• [AIM OF THE TASK]:
Pictures must not appear in the copy. Set down exactly the line with "Лучший подарок для" and each line after it through the end of the data below.

• [SOURCE DATA]:
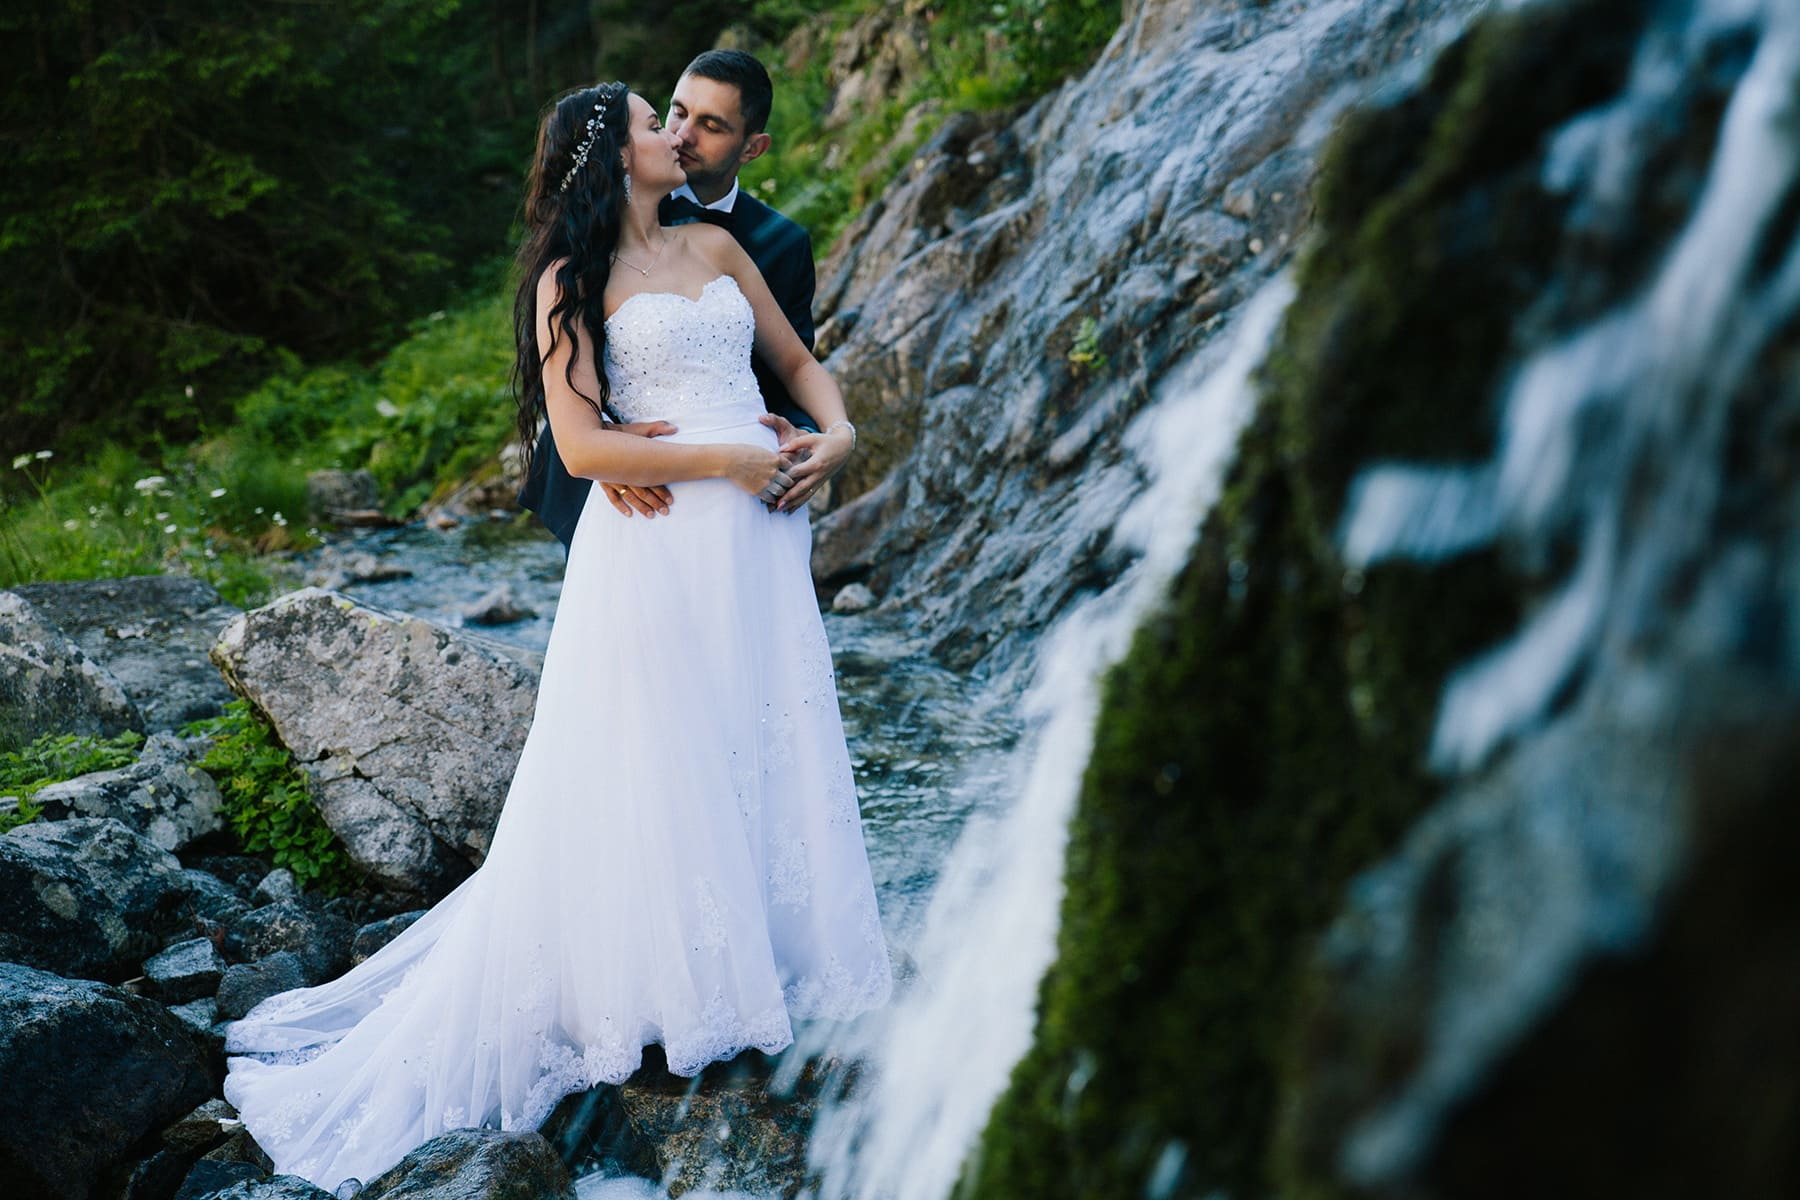 para młoda przytula się do siebie, obok wodospadu
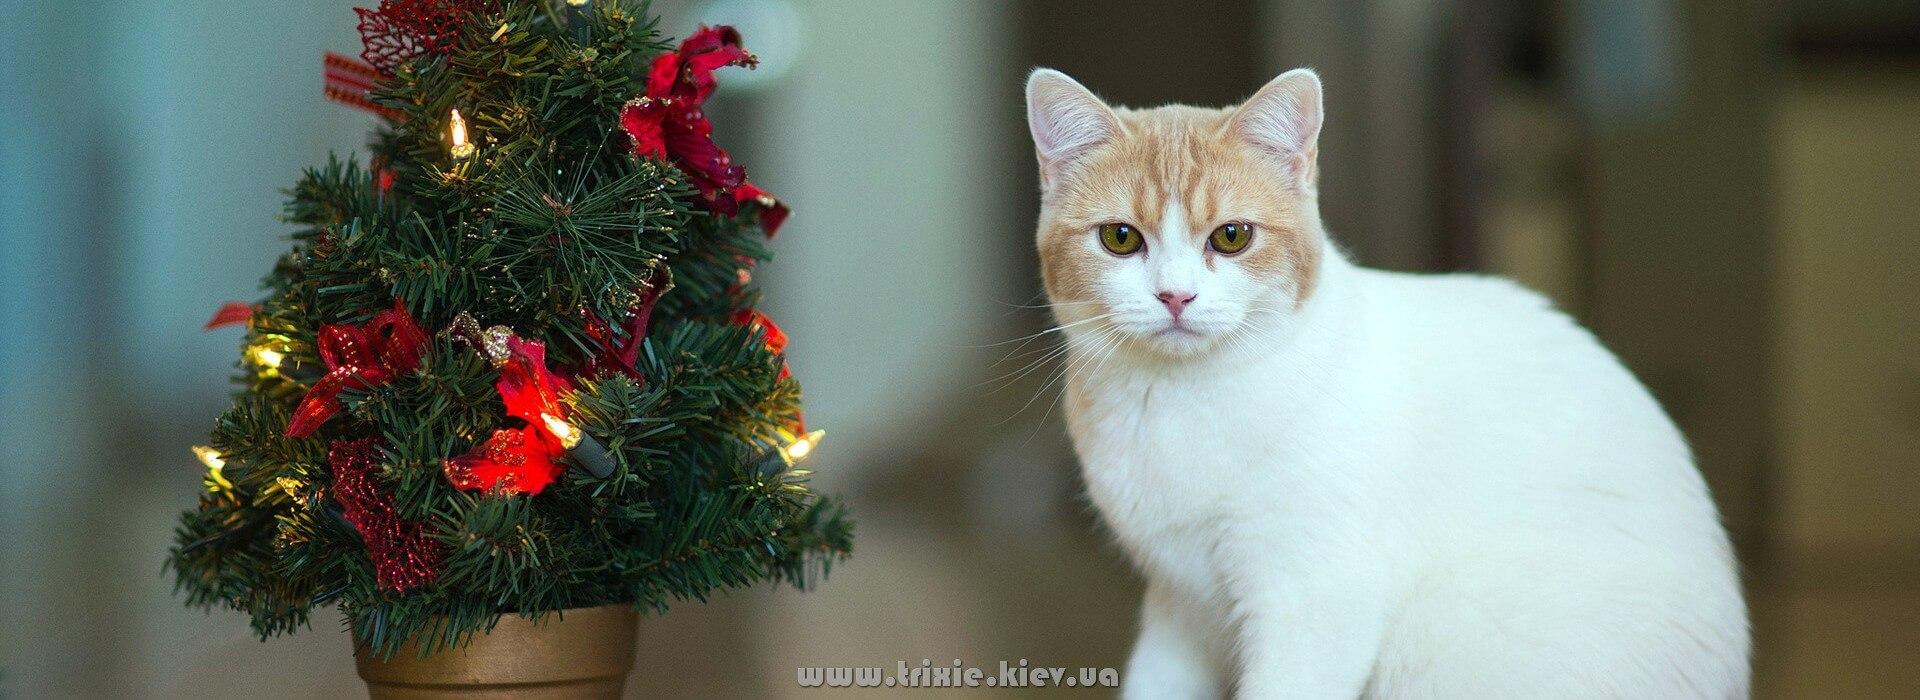 Лучший подарок для кошки на новый год - это игрушки от Trixie
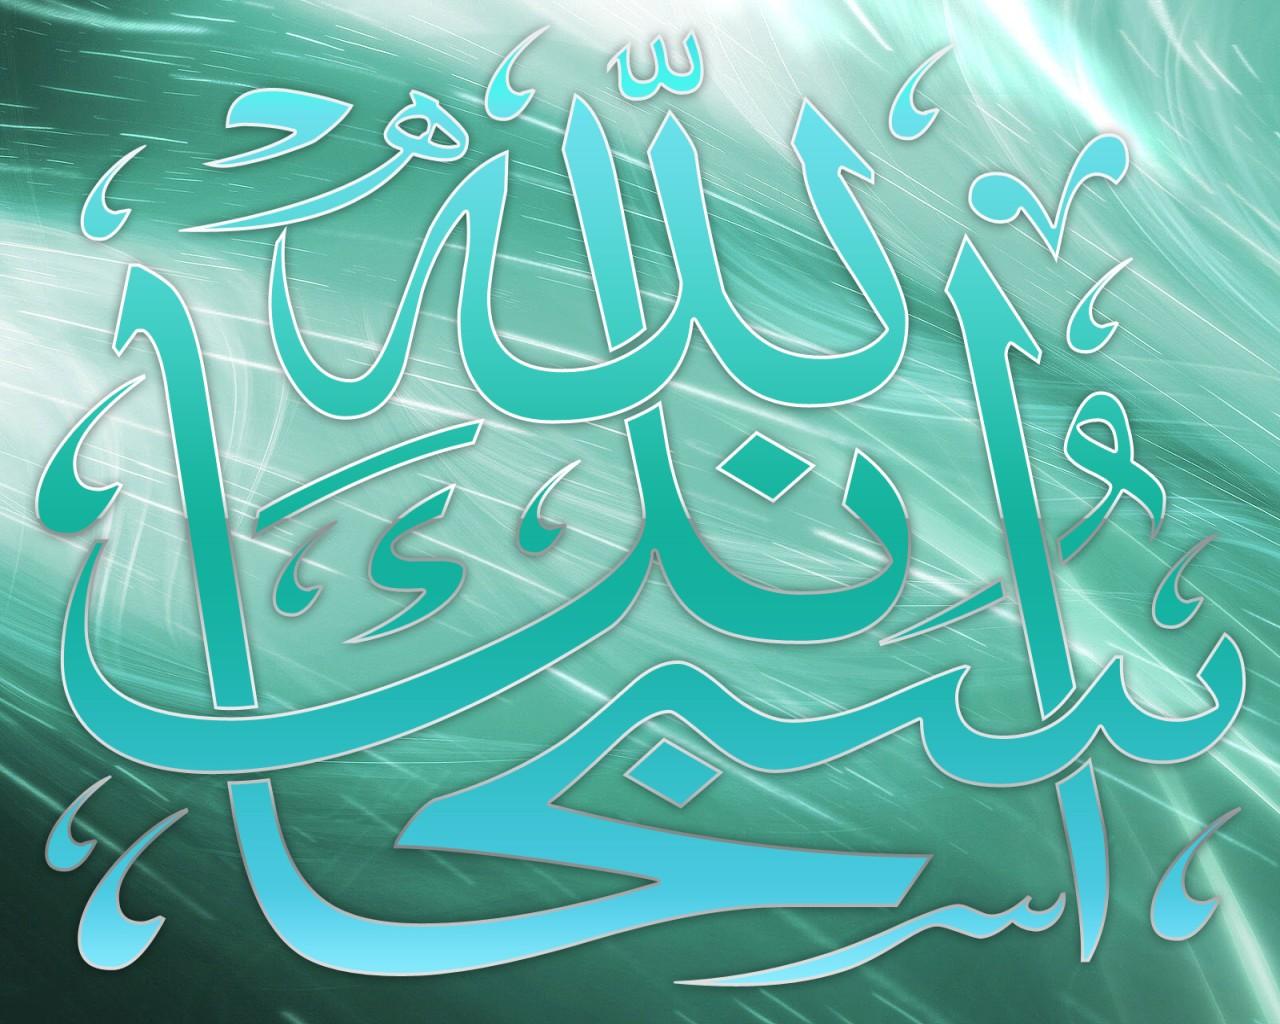 Subhan-Allah (3) | Yasir Imran Mirza

• [ANSWER SPACE]:
 Лучший подарок для кошки на новый год - это игрушки от Trixie
 Subhan-Allah (3) | Yasir Imran Mirza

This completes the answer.